Where, for example, does the purple colour come from? There aren't any purple flowered Nerine species. The colour is often attributed to "hybridisation" but I'm not sure what they were hybridised with. Wherever the colour came from, I like purple Nerine. They are incomprehensible.
'Sveva Pio' lurks on the fringes of the purple group, the flower is pink but streaked with purple and silver. If the appearance of purple is difficult to explain, the strange pattern of colour in 'Sveva Pio' is unique as far as I have seen. There will be those who say it is the effect of some terrible virus, people always seem to blame the effects of a virus when there's something they don't understand. When I was younger it would have been called a physiological disorder, a catch-all phrase to plaster over the cracks in understanding.
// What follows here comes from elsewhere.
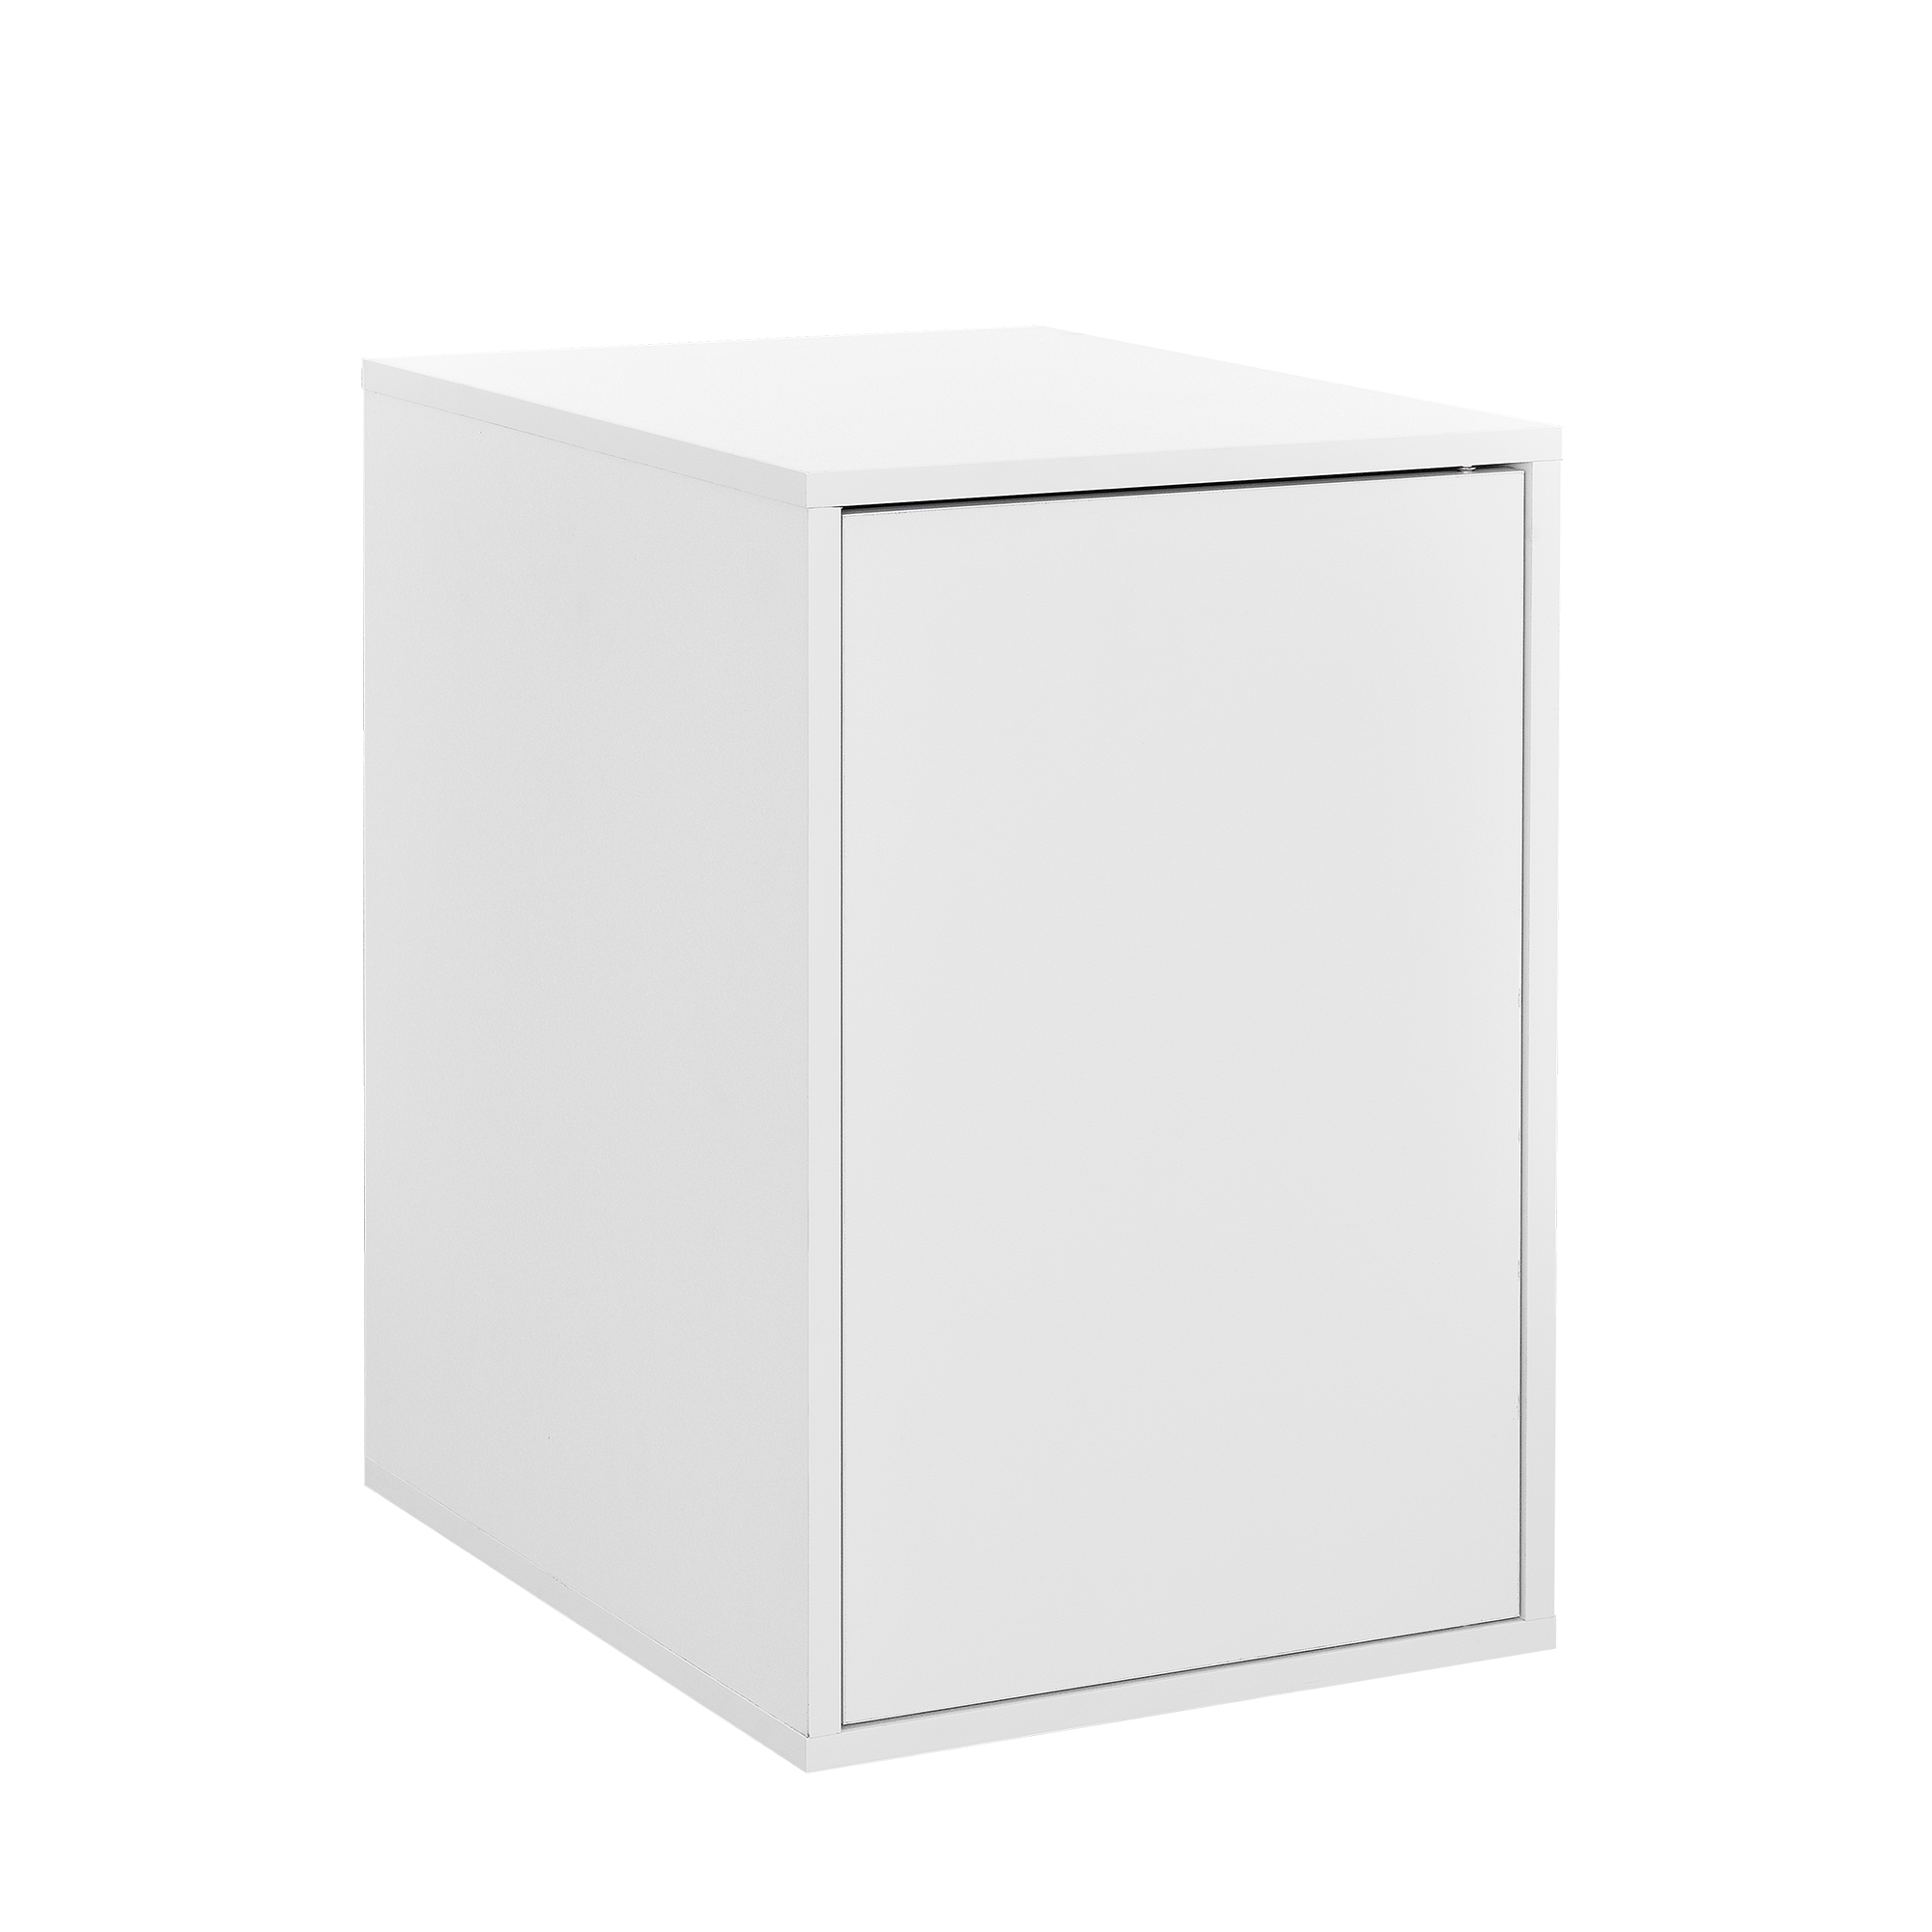 h ngeschrank 30x45x40cm wei wandschrank schrank wandregal regal ebay. Black Bedroom Furniture Sets. Home Design Ideas

Whatever the cause of the colour, I like the plant. I have some sveva-babies growing on to see if they throw any light on the matter.



25th September 2022

Gentiana ligustica .
The outstanding plant of the week has certainly been Gentiana ligustica. It dried out during last weekend without me noticing. I found it looking limp, the ballooning bud wrinkled and deflated. I was quite convinced that I had killed the plant, not just the flower. Its powers of recovery have been remarkable. The plant perked up immediately it was watered and the bud stood up and opened two days later.
I would love to grow Meconopsis, I'm not quite sure why I can't. It may be that they have to be treated as monocarpic, coming up to flower and then dying. I don't really understand it. Gentians are equally confusing. I have killed dozens over the years. They might produce a few flowers in spring and then curl up and die in the summer heat. I don't understand why they have died, and I don't understand why G. ligustica hasn't.
I have had the plant for five years now and it has flowered for the last three. To begin with it flowered in spring and now it seems to flower in autumn. It is behaving very strangely and I am grateful for it.
I don't understand it, but it doesn't matter.